‘It is going to be a very cold winter’ – Eskom spokesperson

Energy expert Ted Blom tweeted earlier in the week that there was a shortfall of 5,136 megawatts and that Eskom is actually implementing Stage 6 load shedding to handle the shortfall. To address these allegations, BizNews founder Alec Hogg spoke to Eskom spokesperson Sikonathi Mantshantsha. While Mantshantsha firmly denied these allegations, he did warn that ‘it is going to be a very cold winter and we are going to have to endure load shedding.’ Eskom has announced that there will be Stage 2 load shedding from today until Friday. – Nadya Swart

Sikonathi Mantshantsha on reports that Eskom CEO André de Ruyter said that load shedding will be over by September:

Let’s be real clear here. Andre would never say it will be over by September. What he has said and what Eskom continues to say is that this reliability maintenance that is underway currently, most of it will have its effects showing in the last quarter of the year starting in September. That is when you will have a significant reduction. Certainly, it will not be eliminated by that point.

On the kind of winter we should be preparing ourselves for:

It’s really unfortunate – as we have said again, religiously – that it is going to be a very cold winter and we are going to have to endure load shedding, unfortunately. Eskom is doing everything that is possible to limit any load shedding. But the reality is [that] we will keep coming to the people of South Africa and announce load shedding – as we just have this afternoon. We are implementing stage 2 for this evening. It’s quite possible that for the rest of the week we will have to implement load shedding. It is, as I have said, a dead certainty now that throughout this winter we will continue to have load shedding and we may only see some reprieve, not total elimination, during the last quarter of the year. 

On Ted Blom’s tweet that Eskom is actually implementing Stage 6 load shedding:

What is really annoying is to be spending valuable time when we could be talking to the people of South Africa about real matters that really do affect the people correctly and accurately. Ted Blom said on SAFM on Friday night [that] the basis for that allegation that he made was he ran a poll on Twitter and 50 respondents said they get a load shed more than Eskom actually announces. And he pointed at Wednesday this past week, I think it was the 3rd of June. That was the day, and he mentioned specifically Sandton and Ekurhuleni.

This was exactly on the day when CityPower, which is the agency of the municipality of the city of Johannesburg, announced to its customers in Sandton that it was having a problem distributing electricity to their areas. This was also on the day when both Eskom and the Ekurhuleni municipality made an announcement and told the residents of Ekurhuleni in the east of Gauteng that the municipality was having problems with electricity provision. So it was not a matter of load shedding.

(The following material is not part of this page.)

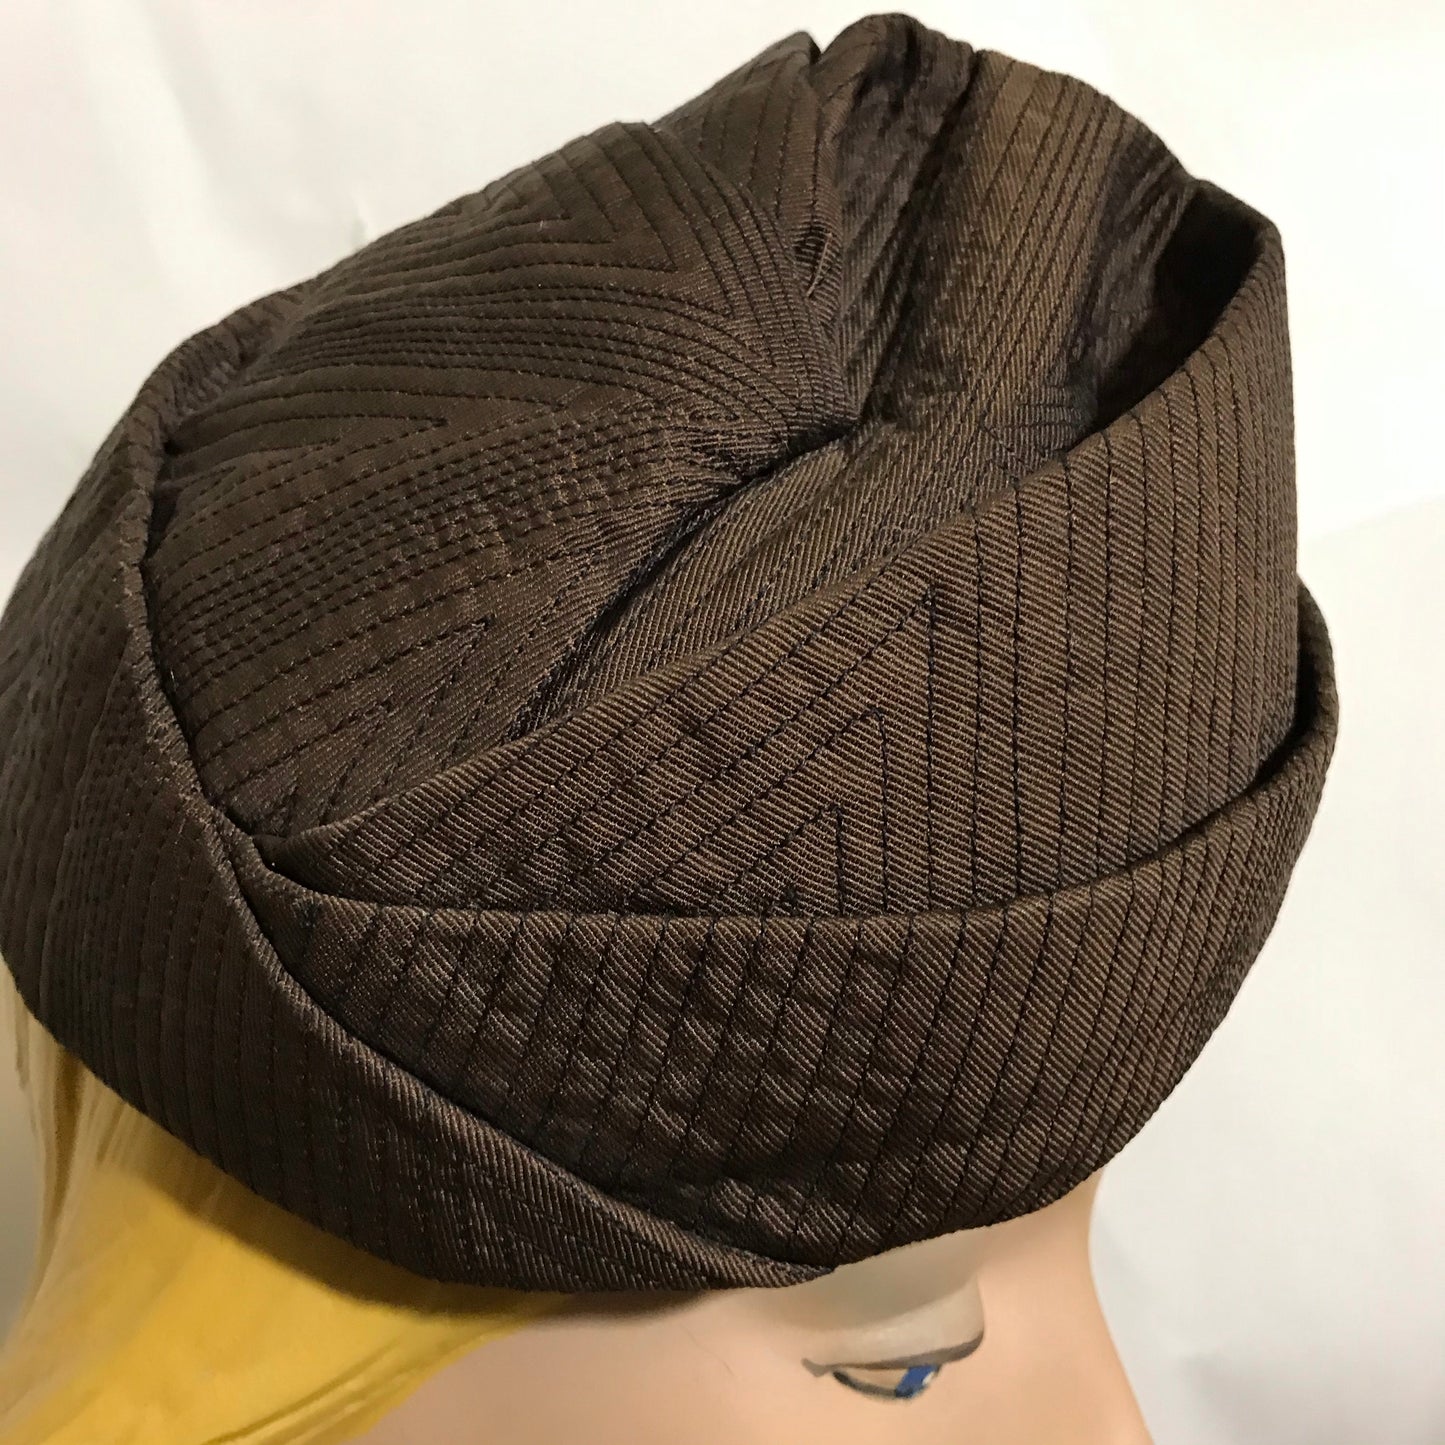 Cocoa Silk Topstiched Origami Folded Hat circa 1960s

Certainly, back in the day, analysts and experts were people who actually went to work and spoke only about facts and what they have seen, not people who then would come to the radio and say; ‘It’s not me saying that, it’s the 50 people that contacted me.’

Eskom has implemented stage two load shedding. On a daily basis we communicate the production statistics which corroborate everything that we have said we would do. Uncomfortable as it is, the reality is that Eskom is having problems, big problems with regards to the provision of electricity. But what we do ask for is for analysts to be objective and to be honest. No one is enjoying implementing load shedding. Nobody, even the municipalities that were having problems in the areas that Mr Blom was talking about, they definitely are not enjoying their customers sitting without electricity, whatever the reason. And the last point I wish to make; of course, we accept that we may tell people why they do not have power. The reality is the end user does not really care. And that is something we have to live with.

On where Eskom stands on the provision of power by outsiders:

Thank you for the question. The first point to note, just for information purposes, is that in South Africa, the provision or the procurement of a new infrastructure rests solely with the Department of Minerals and Energy. That, by law, is [within] the competence of the department. Eskom itself still needs to be licensed. If it were to build a power station today, it would need a license from the Department of Mineral Resources and Energy.

Now we can only contribute a view and encouragement to the policy which the department is at liberty to ignore or take as it pleases. Eskom has specifically and actively lobbied the government to increase this to 50 megawatts (the exemption). The success has even been that the state president in his State of the nation address said this is what the government was going to do. That’s what Cyril Ramaphosa announced to the country as a result of Eskom’s encouragement and as a result of Eskom’s input into the energy policy. But that’s as far as Eskom rule can go in the matter of procuring new energy.